In sunny Isla Vista, riding your sexy lab partner has become as common and socially acceptable as riding a bike to class – and I firmly believe that people should be able to do whom they want, when they want. However, there is always a point where self-gratification goes too far and interferes with the lives of the good friends or lovers you have been lucky enough to find in this seaside paradise. As college has progressed, I have learned who my real friends are, and I have done my best to maintain those friendships that I know will last forever.

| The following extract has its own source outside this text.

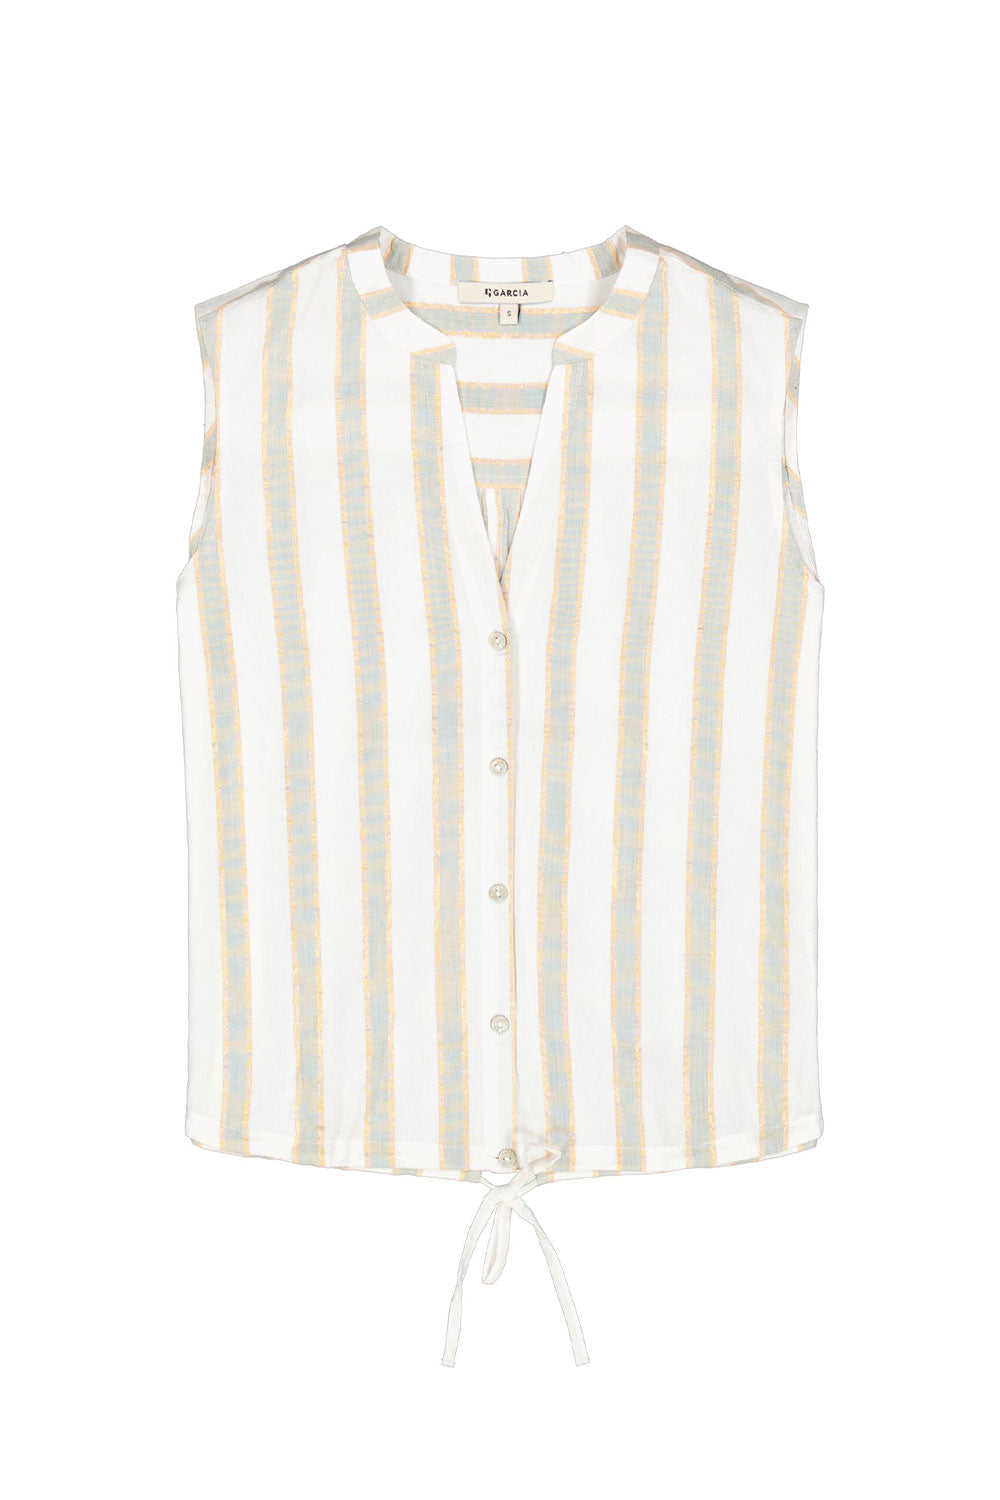 Garcia (Q40033) Women's Sleeveless Button Up Blouse with Tie Waist and Split V-neck in Cream, Pastel Green and Golden Lurex Stripes

So, I have compiled a list of sexual no-no’s that will keep your sex life healthy and your friendships intact. Even if your conscience doesn’t require you to follow these friendship rules, remember: These are the people who know most almost everything about you, including your myriad of embarrassing moments, such as that one tragic night you slept with that nameless fugger you picked up after one too many pitchers at Sam’s To Go. The following sexual faux pas are some of the shadiest ways to get hookups and to satisfy your spur-of-the-moment urges.
Sex faux pas number one is cheating. This is the ultimate no-no. Not wanting monogamy is understandable – we’re in college for Christ’s sake. You probably want to bang everything you can before you are thrown into the real world and it becomes a hundred times harder to sleep with someone who isn’t an absolute sleaze. However, it is important to have balls and respect for your significant other. End it when you’ve grown bored, and definitely end it before you pass your partner those herpes you picked up from that bouncer at two-for-one margarita night… eesh.
Openly despising your ex’s new significant other is faux pas number two. I have been on both sides of this and haven’t enjoyed either. Obviously, the thought of someone you care about screwing someone else would make any normal person want to claw out eyeballs; but at our age, it’s virtually impossible to find someone who hasn’t succumbed to the advances of someone prior to you. It’s unrealistic to expect your ex to vow a life of chastity once you have finished with them. I’m not proud to admit that I have been a bitch to girls for nothing other than hooking up with boys I like, but I’ve done it. Remember that the villain here is none other than our green-eyed nemesis, Envy, and not your ex’s new arm candy. Being the victim is bad, but flying into a jealous rage is enough to send any possible hook-up in your presence running for the hills.
Openly despising your new lover’s ex is the third faux pas in the world of college dating. Since you’re now dating the desirable catch, you have already won any competition you may feel is being played out with his or her ex. Being nasty to the ex is not only childish, but makes you look insecure in your own relationship, which is one of the most unattractive qualities someone can display. Plus, all of your new lover’s friends will think you’re a psycho, which could have harmful effects on your relationship.
Hooking up with someone your friend likes is the fourth faux pas and the quickest way to ruin a friendship. I don’t care how drunk you are, how hot he is, how much she was flirting with you or how unlikely your friend’s chances at romance are. You absolutely should never do this because it proves you value a sexual relationship more than a friendship, which is just shitty. Guys seem to care less about this than girls do – perhaps they’re just secretly holding out for a threesome? I guess I’ll never know.
The next time you’re exploring the best ways to go bump in the night, remember to maintain a level of respect for yourself and the relationships you value. If you respect your friends and lovers, they will keep your naughty secrets safe and leave you free to enjoy your college romps without a dirty conscience.